To get the result later, use the task_id from the response:

curl -X POST http://localhost:8000/mcp/get_transcription_result \
     -H "Content-Type: application/json" \
     -d '{"params": {"task_id": "xxxxxxxx-xxxx-xxxx-xxxx-xxxxxxxxxxxx"}}'

Model Configuration

  • Default Models: The server initializes with default ASR and VAD models specified in MCPServer/server.py.
    • Default ASR: iic/speech_paraformer-large_asr_nat-zh-cn-16k-common-vocab8404-pytorch (pre-configured with VAD damo/speech_fsmn_vad_zh-cn-16k-common-pytorch and Punctuation damo/punc_ct-transformer_zh-cn-common-vocab272727-pytorch).
    • Default VAD: damo/speech_fsmn_vad_zh-cn-16k-common-pytorch.
  • Per-Request Model Specification:
    • For start_speech_transcription, use the model_name parameter to specify a different ASR model for that specific task.
    • For get_voice_activity_segments, use the vad_model_name parameter for a task-specific VAD model.
    • If a model specified per-request is different from the currently loaded one, the server will attempt to load it. This new model (if loaded successfully) becomes the current default for that processor type (ASR or VAD) for subsequent requests that don't specify a model.
  • Global Model Loading:
    • Use the load_asr_model tool to change the default ASR model for the SpeechTranscriber instance.
    • Use the load_vad_model tool to change the default VAD model for the VADProcessor instance.
    • These tools also allow specifying device, ncpu (for VAD), and model_load_kwargs for finer control over model loading (e.g., for ASR, model_load_kwargs can include VAD and Punctuation model IDs).
  • Model Arguments:
    • model_load_kwargs: Can be passed to load_asr_model and load_vad_model to control how models are loaded (e.g., to specify sub-models like VAD/Punctuation for an ASR pipeline, or other model-specific loading parameters like max_single_segment_time if supported by the VAD model at load time).
    • model_generate_kwargs: Can be passed to start_speech_transcription and get_voice_activity_segments to control the behavior of the model's inference/generation step (e.g., batch_size_s, hotword for ASR; VAD models usually have fewer generation-time parameters).

Troubleshooting

  • Model Download Issues:
    • Ensure the server has internet access to download models from ModelScope (hub.modelscope.cn).
    • If you encounter persistent download errors or authentication issues (e.g., HTTP 401/403), set the MODELSCOPE_API_TOKEN environment variable.
    • Check available disk space in the ModelScope cache directory (usually ~/.cache/modelscope/hub/).
  • Dependency Conflicts:
    • Using a Python virtual environment is highly recommended to avoid conflicts with system-wide packages or other projects.
  • PyTorch Version:
    • FunASR requires a specific range of PyTorch versions.
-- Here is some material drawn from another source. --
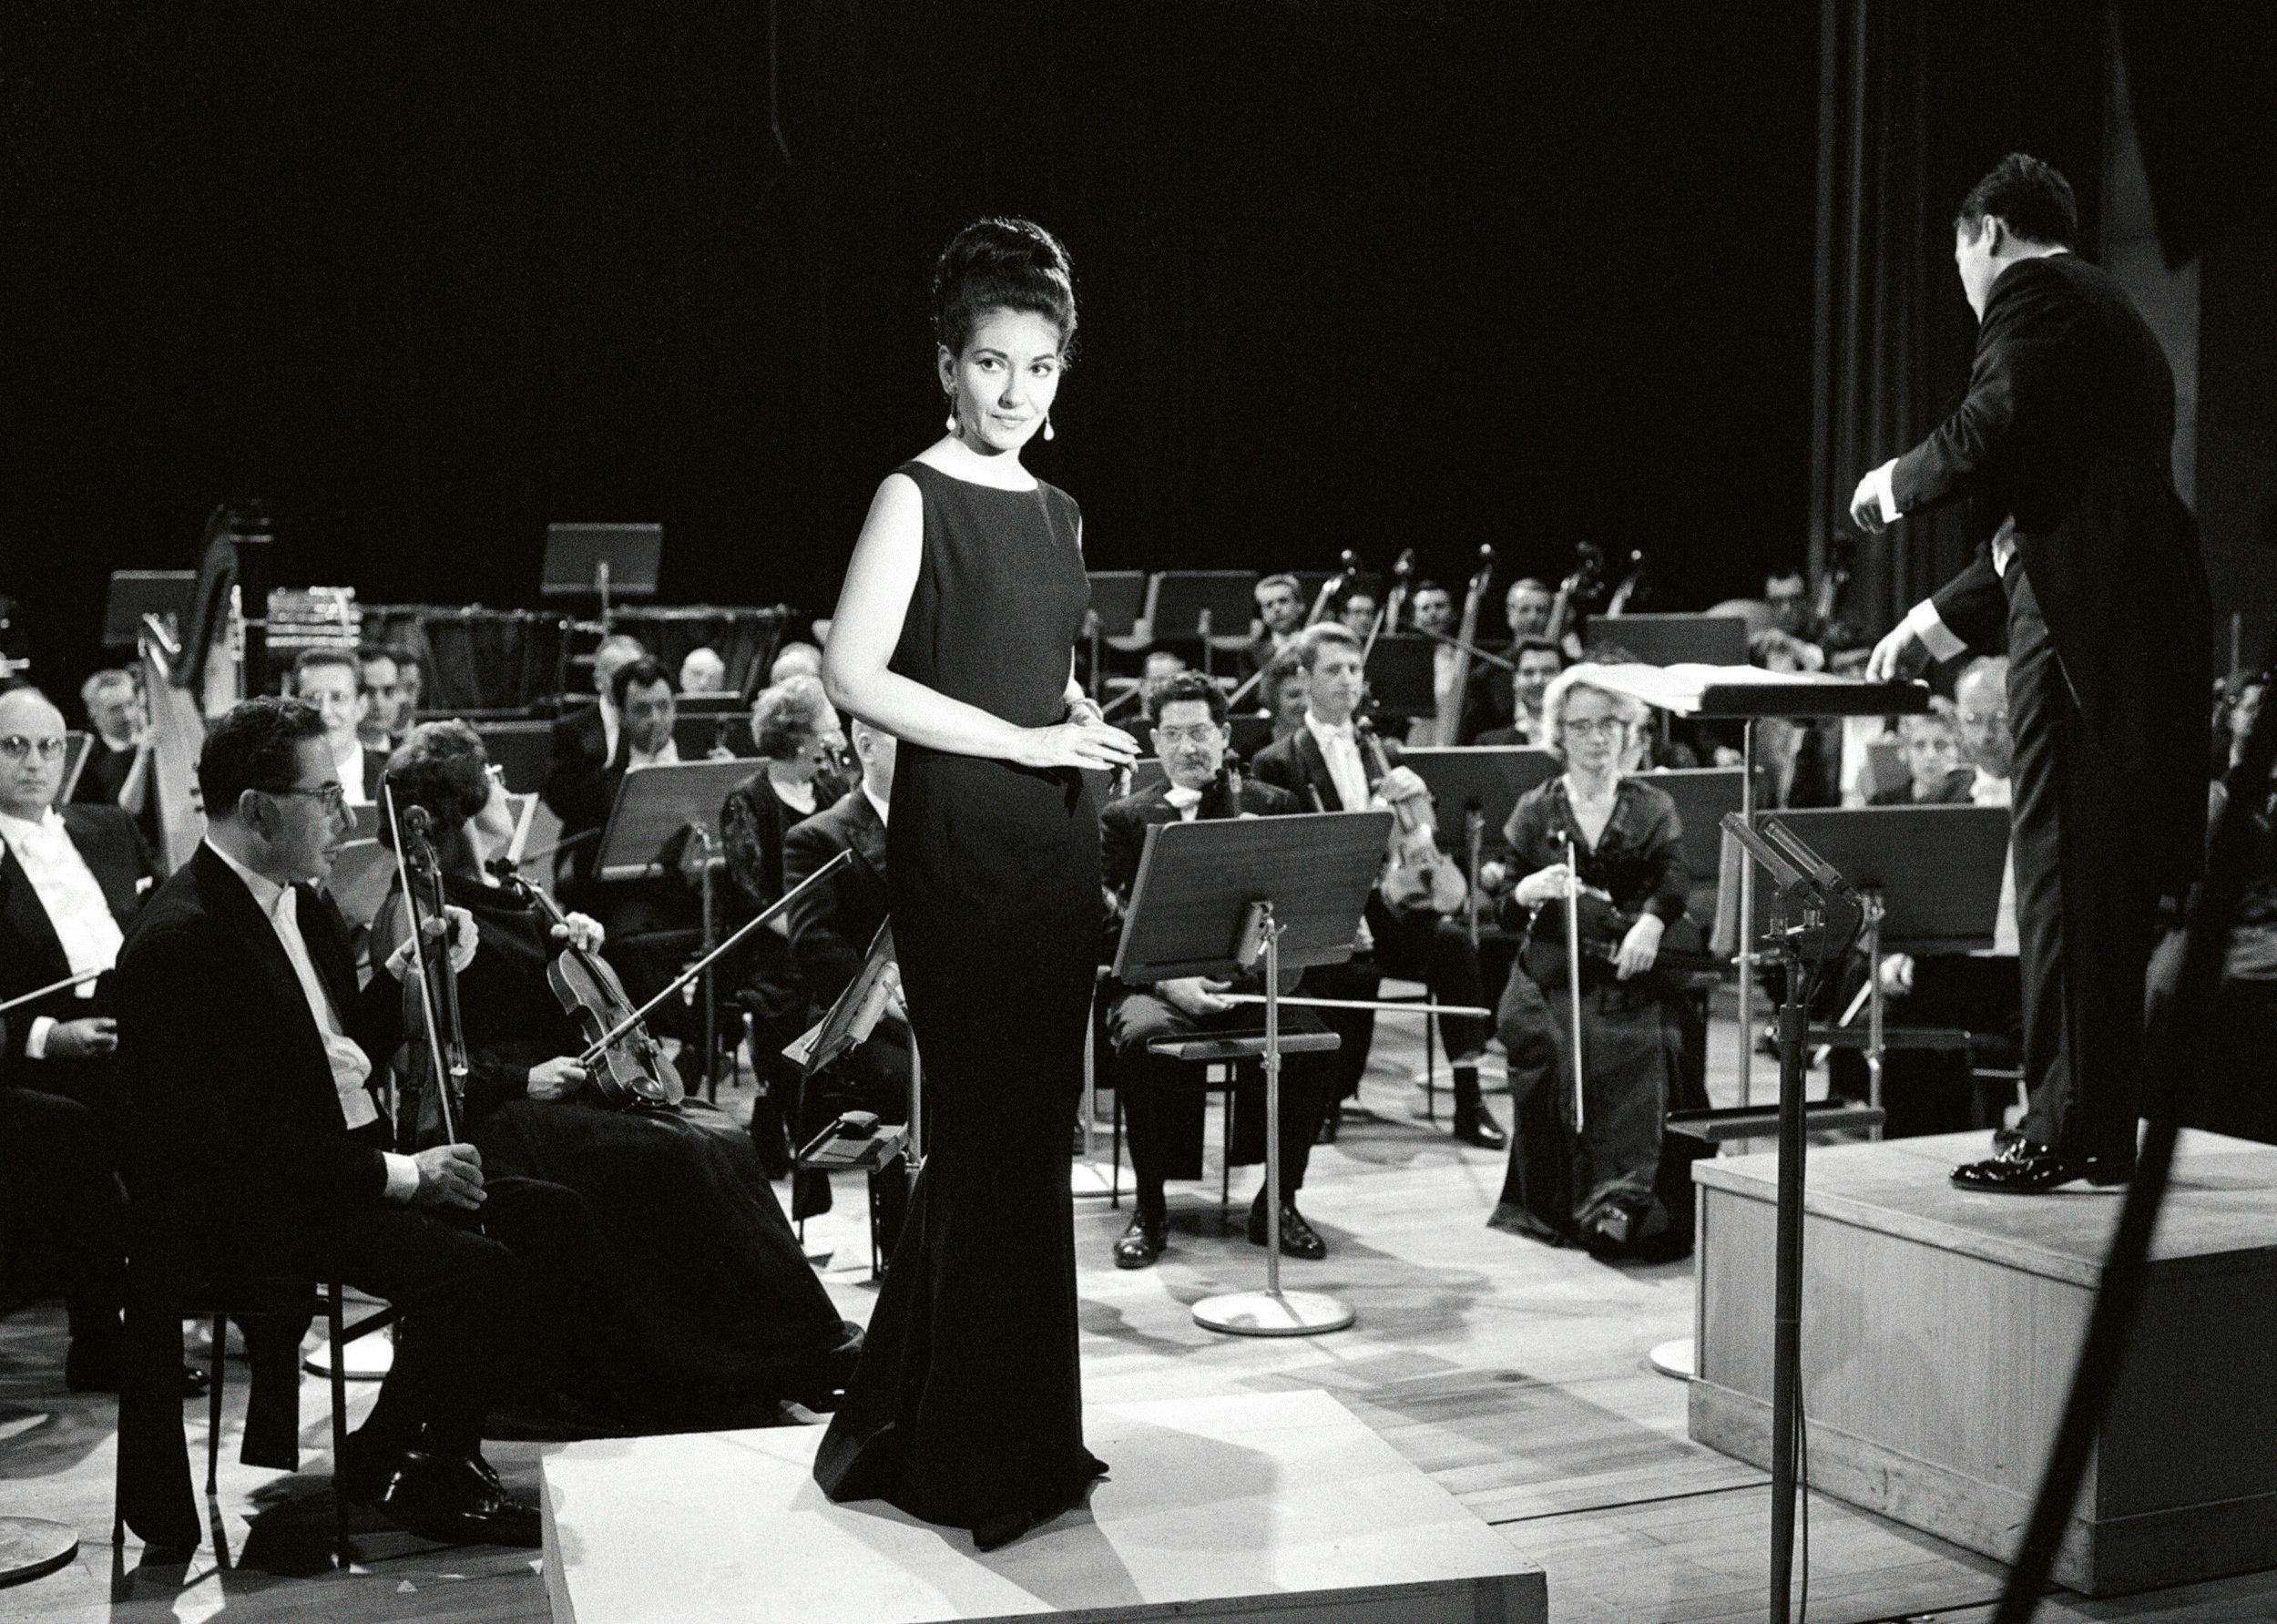 Les Grands Interprétes, Paris 1965 © Fonds de Dotation Maria Callas

If requirements.txt doesn't fetch a compatible version, or if you have an existing conflicting PyTorch installation, manual installation of a compatible PyTorch version might be needed. Refer to FunASR's documentation for compatible PyTorch versions.
  • Resource Limits:
    • ASR models, especially larger ones like Paraformer, can be memory and CPU intensive. Ensure the server has adequate resources. For CPU inference, performance is heavily tied to ncpu (number of CPU threads, configurable in SpeechTranscriber and VADProcessor) and the CPU's capabilities.
  • File Paths:
    • Ensure that audio_path provided to the tools is an absolute path or a path relative to where the server.py script is run, and that it is accessible by the server process.
  • CUDA/GPU Issues (if using GPU):
    • If using GPU (device="cuda:X"), ensure NVIDIA drivers, CUDA Toolkit, and a GPU-enabled version of PyTorch are correctly installed and compatible. Use tools like nvidia-smi and torch.cuda.is_available() for diagnostics.